I feel a lot of marketing and PR professionals are sufficiently trained in ‘inducing’ a neutral-to-positive response from customers and prospects. I have friends in consumer goods and media who are on top of their game as far as conceptualization and roll out implementation plans for their beloved brands and clients go. What most of them lack are hard skills to induce a negative-to-neutral or better yet, a negative-to-positive response. The other thing that scares them is that they are absolutely clueless on how they should be reacting as brand managers to a downward spiraling online story. Word-of-mouth (WOM) marketing in a Web 2.0 environment is something most marketers don’t understand and thus, can’t appreciate.

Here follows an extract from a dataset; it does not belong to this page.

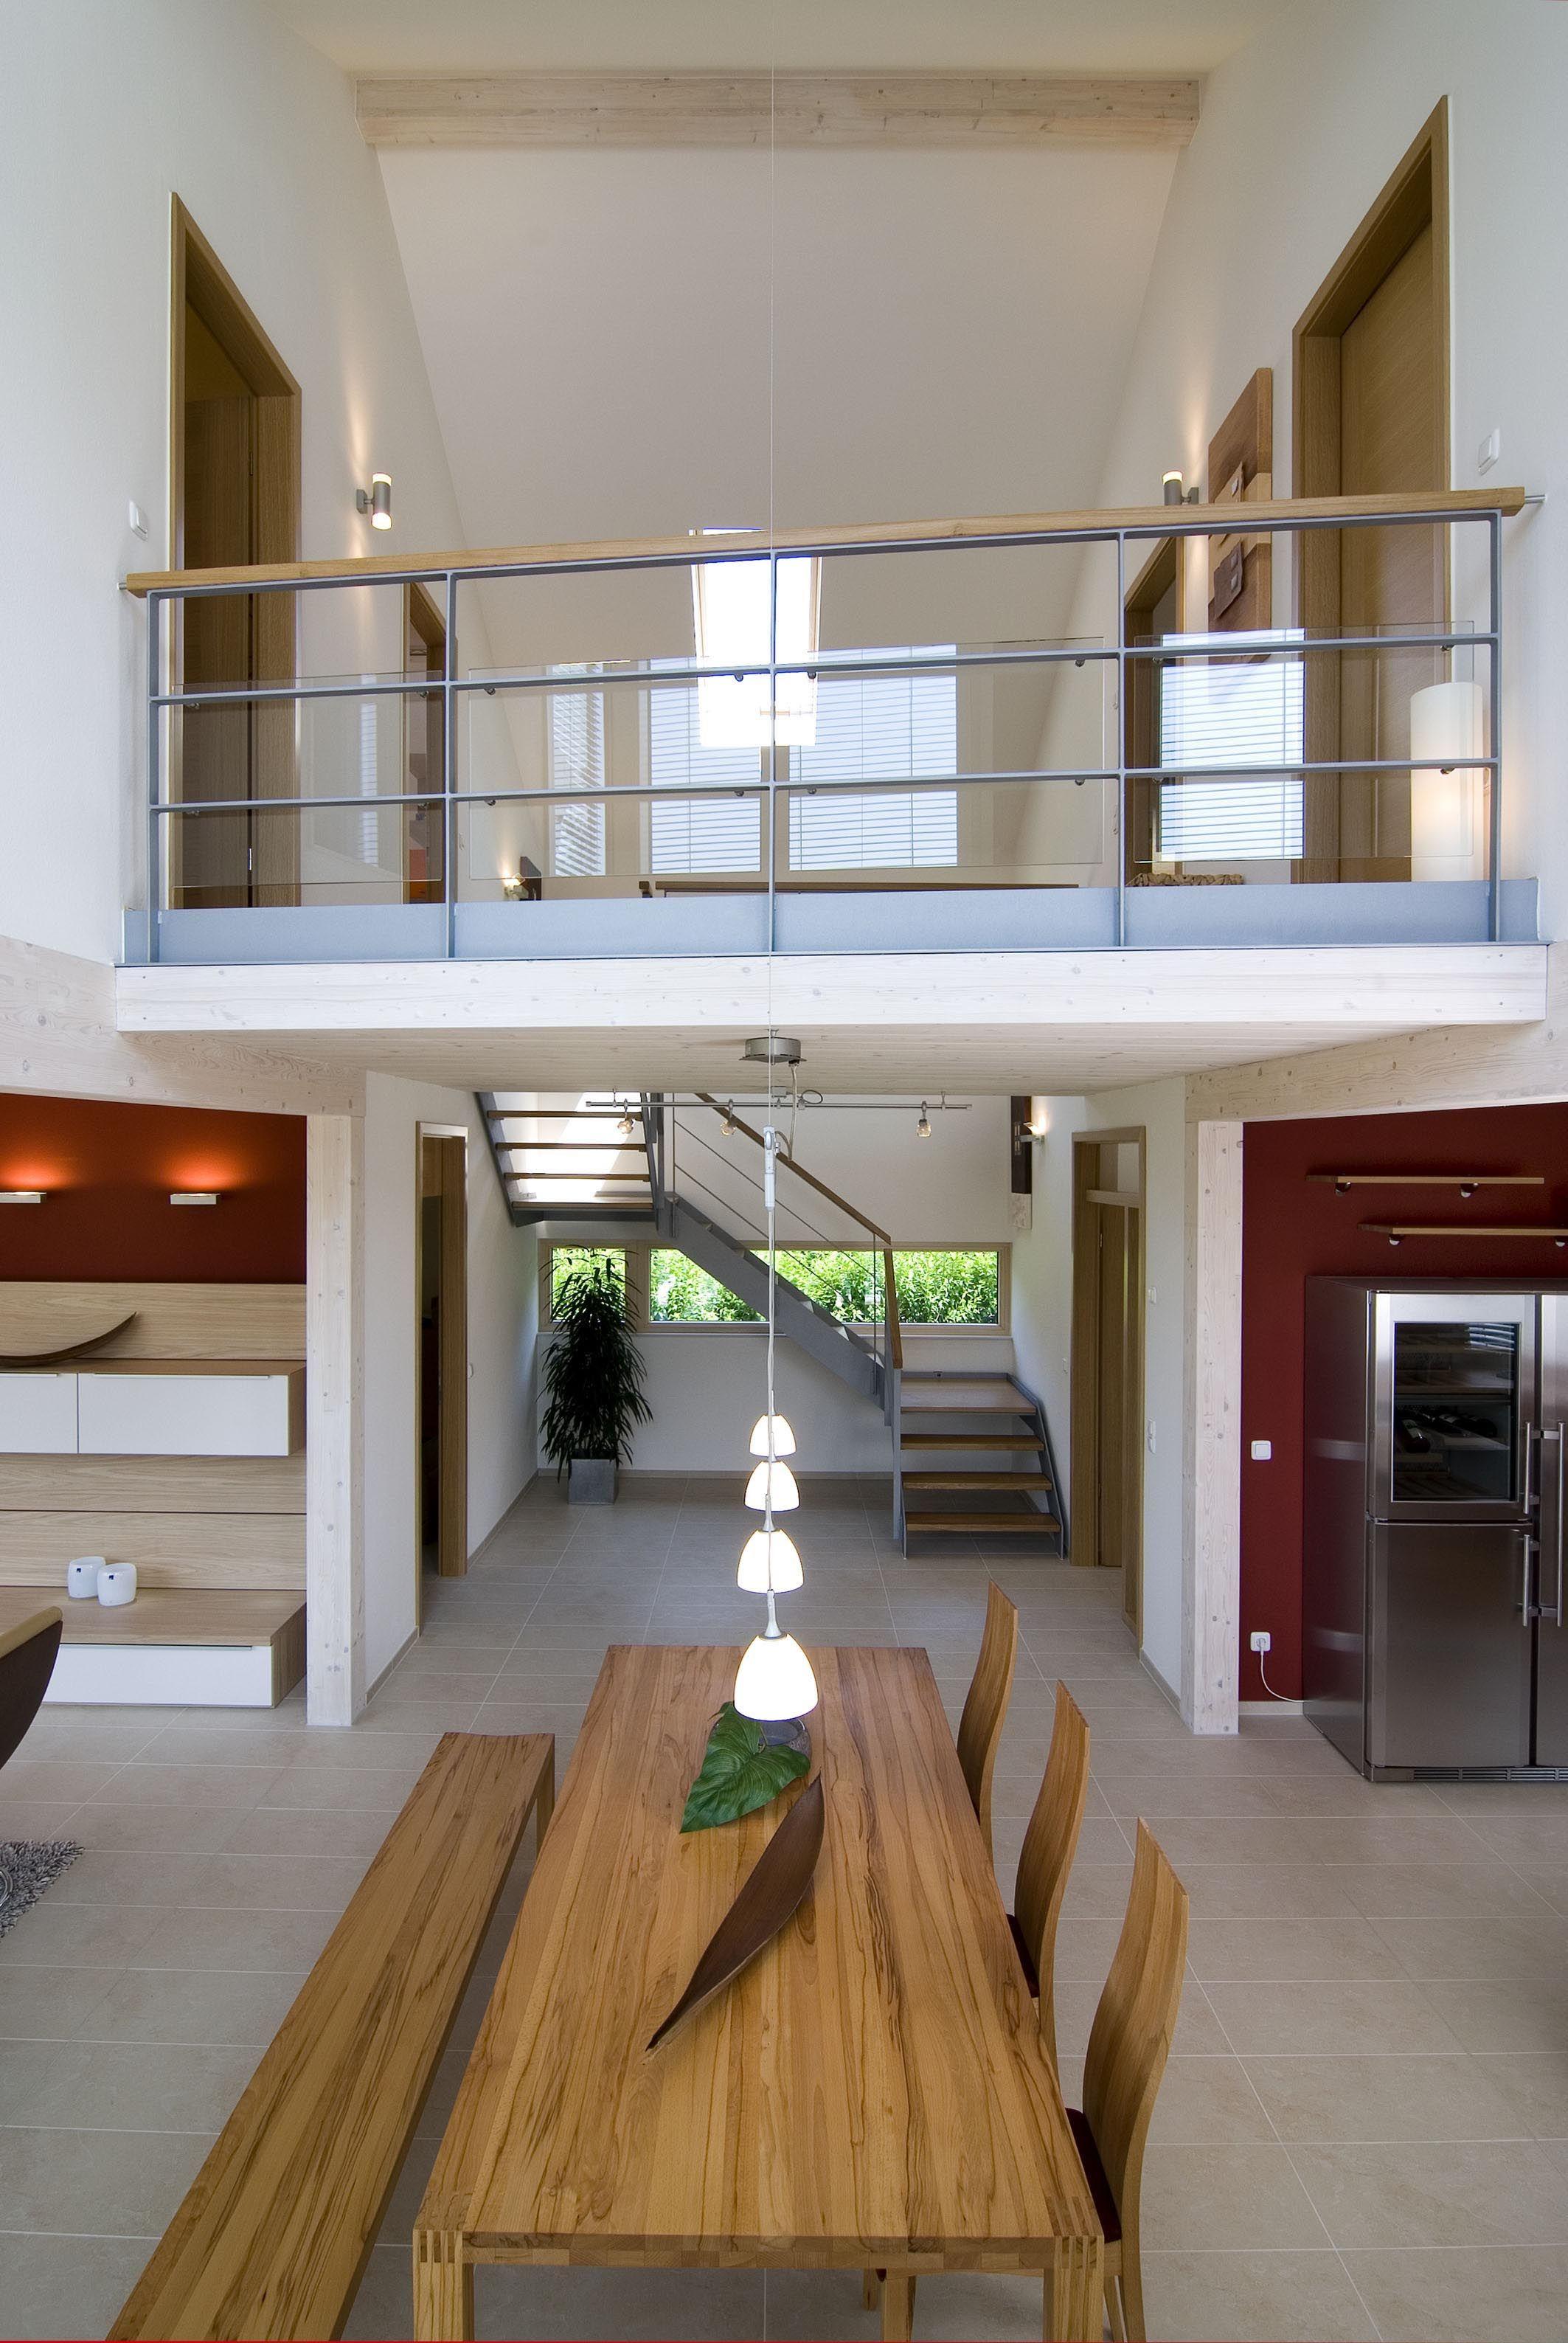 Modern Wohnen Mit Offenem Grundriss Galerie Luftraum Inneneinrichtung Ideen Fertighaus Design 168 Von Frammelsberger Holzhaus Fertighauser Haus Okal Haus

The ongoing revolution against Globe Visibility is living proof of how little marketers understand word-of-mouth marketing. Here you have a WOM darling, embraced by consumers and loved by sneezers. An ongoing technical(?) problem has Globe Visibility’s brand reeling from multiple attacks from evangelists turned malcontents. Globe’s reluctance to decisively address their product’s very public crucifixion is going to hurt Globe in more ways than one:
- existing non-corporate subscribers who are at their wits’ end are canceling their subscriptions with a “screw the pre-termination charges, let’s use Smart 3G’s P10/30 minutes” mentality
- potential customer recruits who don’t sign up because they’re treating these customer gripes as gospel truth. This hurts Globe more than the first one since for every one disgruntled subscriber who quits, he’ll be evangelizing at least 10 other people who in turn will spread the negative gospel to 100 more people. The exponential hurt caused by not sending out a SMS technical advisory or offering rebates will haunt this brand for months to come.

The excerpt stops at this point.